The accuracy score of the model can be further improved by tuning the hyperparameters or by using a different model architecture. For example, increasing the number of hidden layers or the number of neurons in each layer can help improve the performance of the model.

Another way to improve the performance of the model is to pre-process the data before feeding it into the model. This can include normalizing the data, removing irrelevant information, or transforming the data into a more suitable format.

from sklearn.preprocessing import StandardScaler
scaler = StandardScaler()
train_data = scaler.fit_transform(train_data)
test_data = scaler.transform(test_data)
model = LogisticRegression()
model.fit(train_data, train_labels)
predictions = model.predict(test_data)
print("Accuracy: ", accuracy_score(test_labels, predictions))

In the above code, we have used the StandardScaler method to normalize the training and test data, which has improved the accuracy score of the model.

Conclusion

In this article, we have seen how to re-create the ChatGPT model using the NumPy library.

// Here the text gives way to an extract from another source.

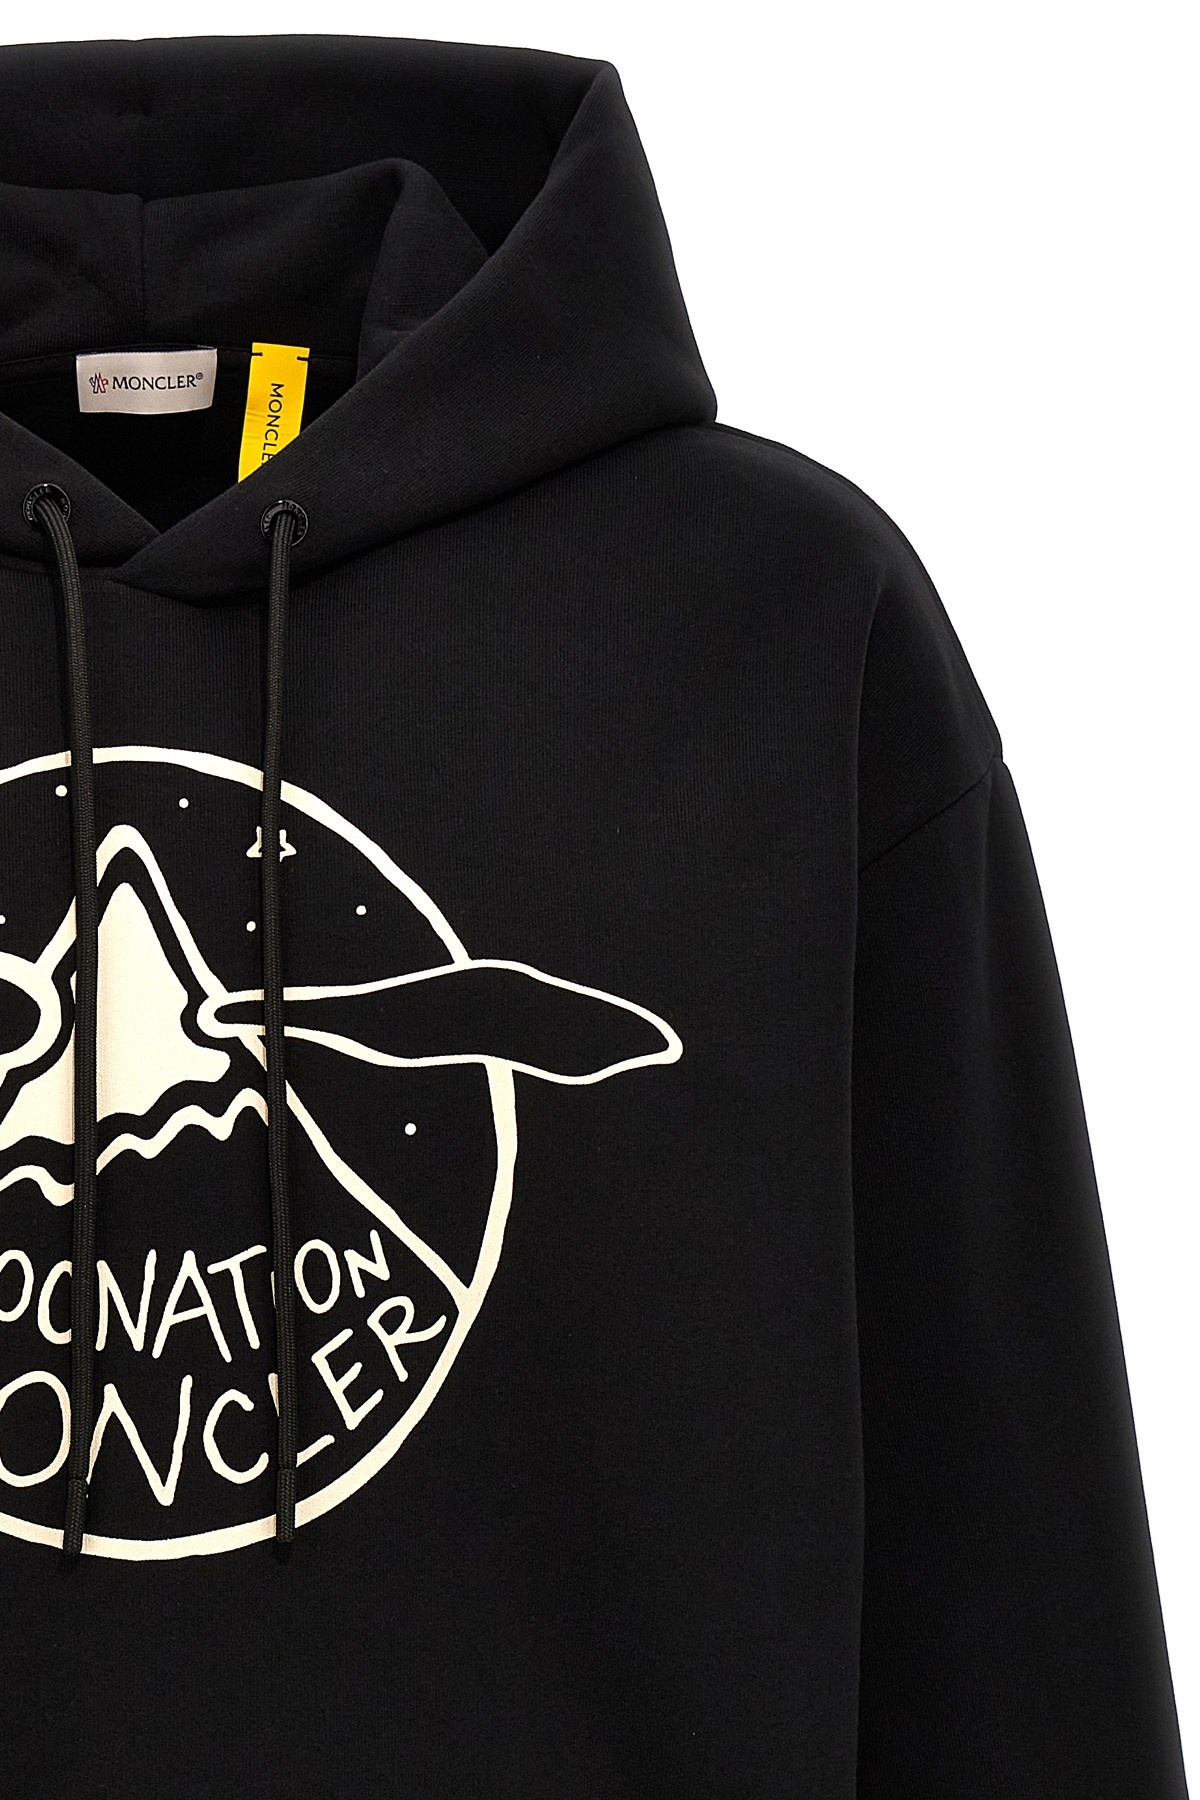 Moncler Genius Roc Nation by Jay-Z sweatshirt - 3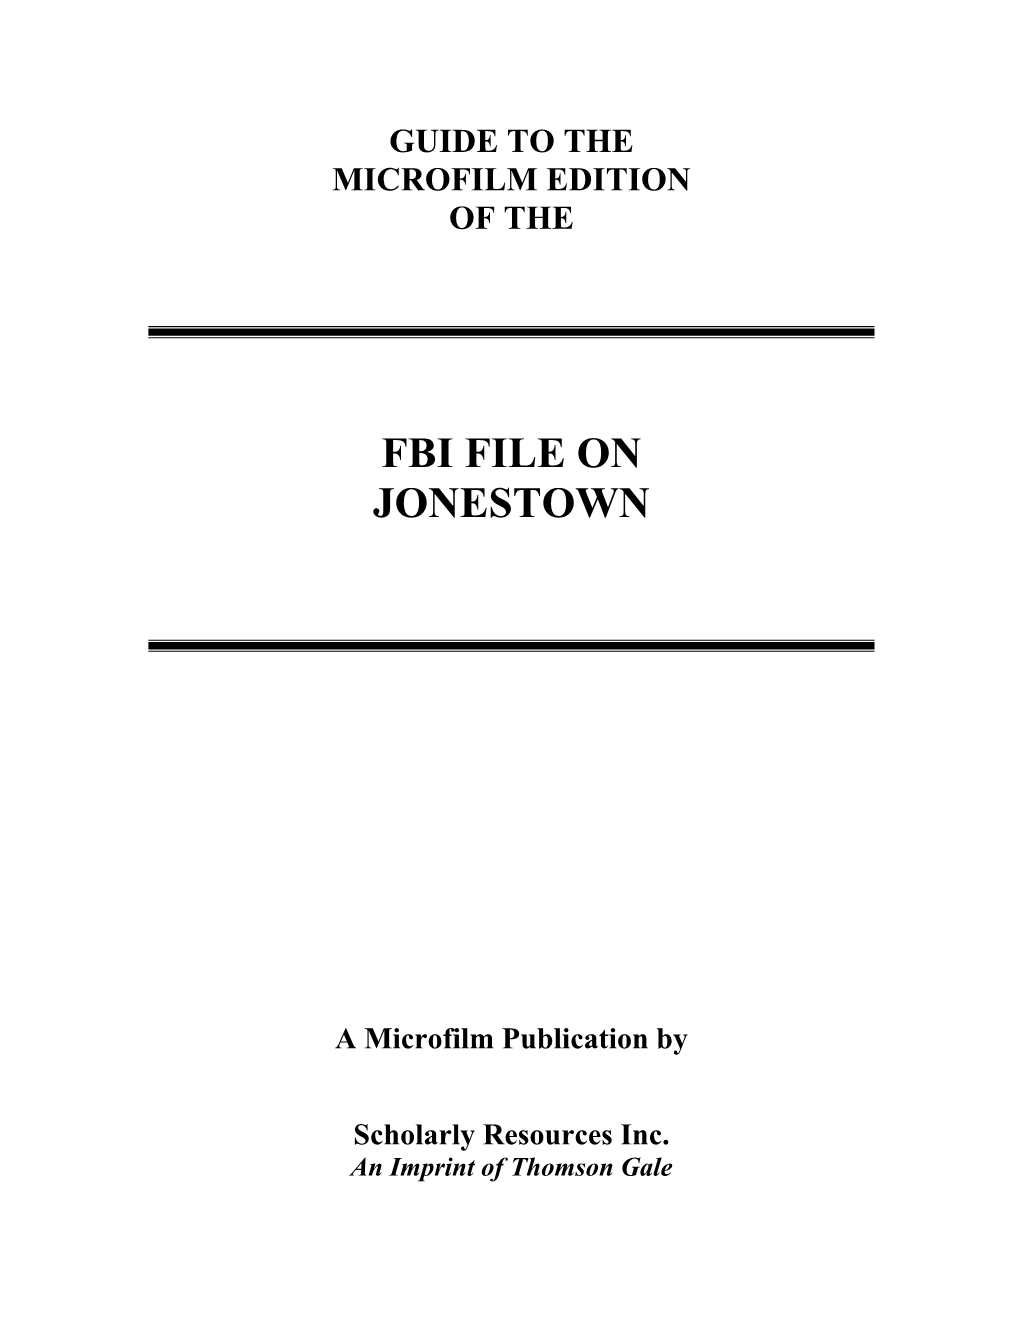 Fbi File on Jonestown

We started by loading the data, pre-processing it, and then training a logistic regression model on the data. We then evaluated the performance of the model by making predictions on the test data and comparing the predictions with the actual outputs. Finally, we saw how to improve the performance of the model by tuning the hyperparameters and pre-processing the data. With this knowledge, you can now create your own ChatGPT model and use it for a wide range of NLP applications.

Don't forget to check Jay Mody's awesome work: “Create GPT in 60 Lines of NumPy” for the full steps and more architectural explanations!